The climb to Rairanalloor is steep, rhythmic, almost meditative and tradition says Branthan once sat here on a swing when Goddess Jagdamba appeared before him. She took nine steps toward him and those nine sacred steps are still worshipped in the temple not as stone but as the path between seeker and divine. Around the hill you encounter places that feel less like historical remains and more like echoes of a yogic life: the Kanjiram Tree with Chains where Branthan is believed to have been bound before attaining moksha not as punishment, but as liberation from the body. The sweet water wells scattered across the rocky terrain, said to have been dug by him. The meditation caves and ofcourse his statue amidst boulders in yogic stillness where the madman transformed into a rishi.
Kerala’s Parayi Petta Panthirukulam is the story of the twelve children of Vararuchi each represent a path of destiny. Among them, Branthan stands for: the courage to be misunderstood, the rejection of social approval, the discipline of inner freedom He lived outside society so that society could see itself.
As a pilgrim or traveller reaching the summit today you realise why he chose hills, they are places where burdens roll away, pilgrims sit in silence not out of ritual but reflection, because here mythology is not about gods alone but it is about the human mind and its liberation.

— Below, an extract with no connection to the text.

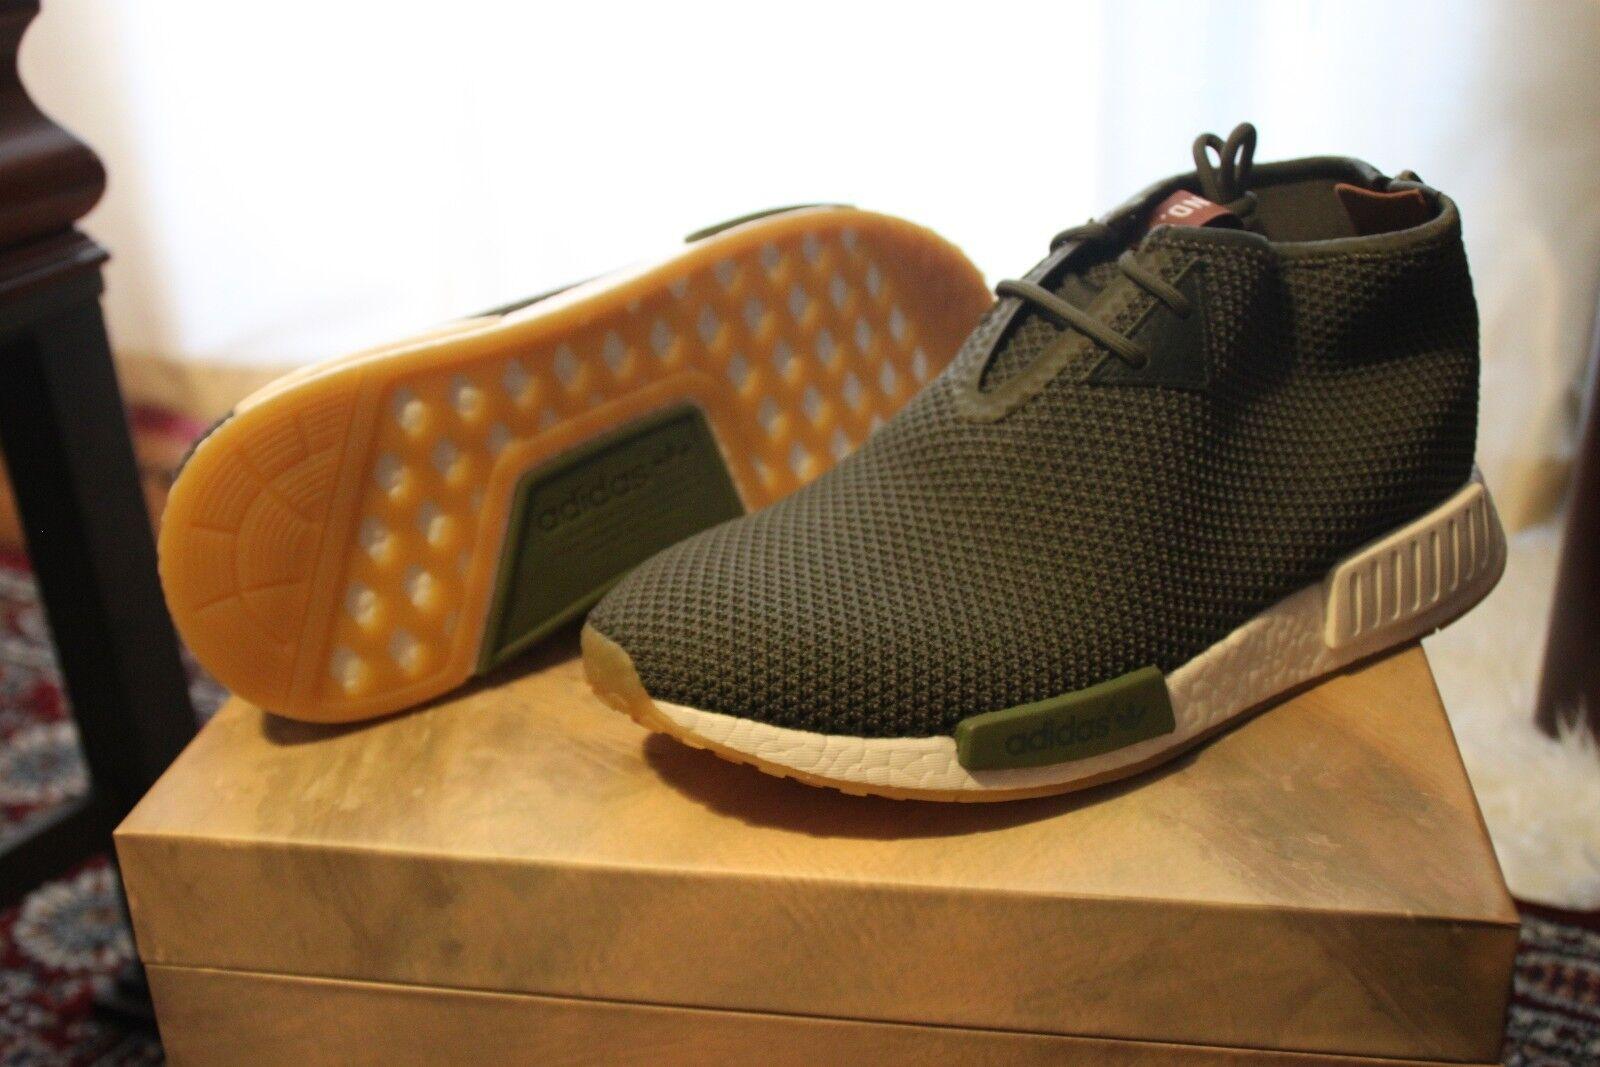 Raro Adidas Originals Consortium X Ropa NMD C1 Chukka Sahara END

It is believed Naranathu Branthan attained liberation here. Not in a hermitage, not in a palace, but on bare rock under open sky. A fitting end for a man who owned nothing, carried nothing and left behind everything except wisdom. The story and life of Naranathu Pranthan & his 11 siblings are beautifully narrated in the epic book Aithihyamala by Kottarathil Sankunni and is in many ways the basis of the Kerala way of life.